The GDPR’s self-regulation concept carries challenges for all companies, and particularly for those that conduct larger, more complex data processing activities. Although the GDPR does not mandate this, companies could ensure data protection compliance by implementing, maintaining – and continuously improving – an internal data protection governance framework. That can be done by adapting to the data privacy environment practices typically used in information security and risk management, to create a comprehensive framework spanning each of the company’s functions that comes into contact with personal data. Once created, the maturity of each process within that framework must be assessed periodically by professionals, to measure the company’s performance relative to data privacy compliance.

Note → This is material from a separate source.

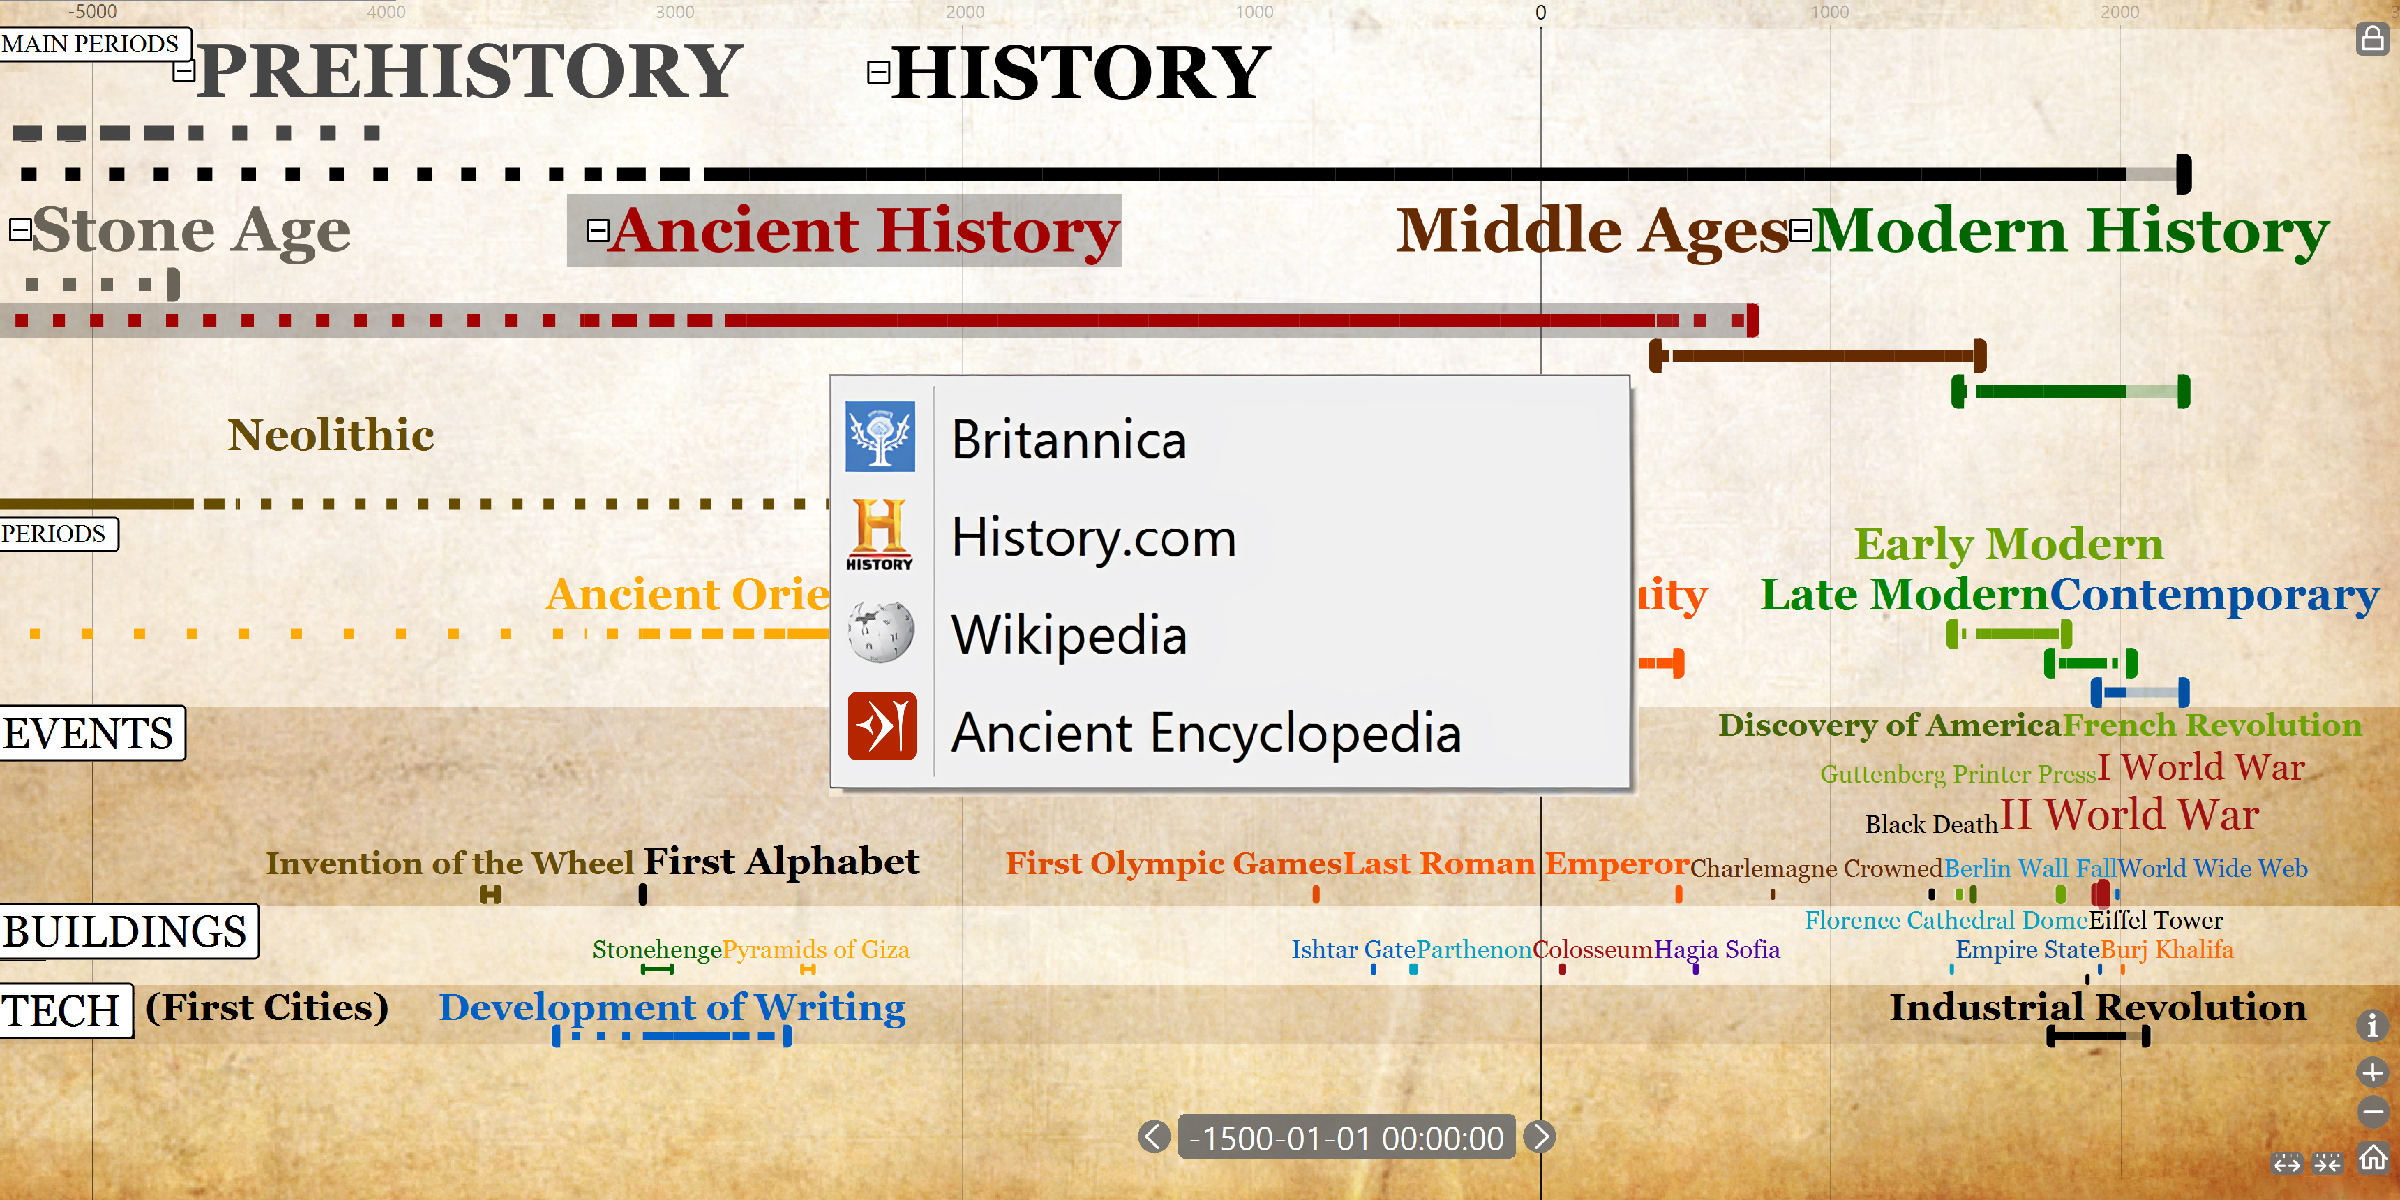 Timeline of Prehistory, Ancient History, Middle Ages and Modern History with buil-in encyclopedia access

Creating an “accountability” assessment framework
The first step in building the framework is having a data protection strategy. Not every business requires such a strategy. Those businesses conducting complex, extensive data processing activities or monitoring data subjects on a large scale, or whose data processing involves sensitive data, would be well served to adopt such a strategy. That strategy should support the business’ plans and be supported by the business’ procedures.
To create that strategy, one first analyses and assesses the business’ goals, existing opportunities and limitations, and company resources in light of data protection requirements. Aligning the risks arising from those requirements with the company’s internal and external risk appetite is also an important part of this process. To create the strategy, one first must assess the data processing activities that the core business and each of its support functions will conduct. The latter include, for example, marketing activities, third party vendor communications, outsourcing, M&A, IT, information security, fraud detection and prevention, internal whistle blowing, and employment.
That approach will enable that data protection as a control functional area supports each of the company’s other functions to enable the business to target potential customers in a manner compliant with the GDPR. In other words, GDPR considerations must be at the core of the business’ strategy.
Then one needs to identify both the internal and external (human and legal) resources needed to achieve the privacy strategy. Companies which must appoint a Data Protection Officer, or those who choose to do so voluntarily, will find that they are legally obliged to allocate resources (including budget) for data protection and compliance purposes.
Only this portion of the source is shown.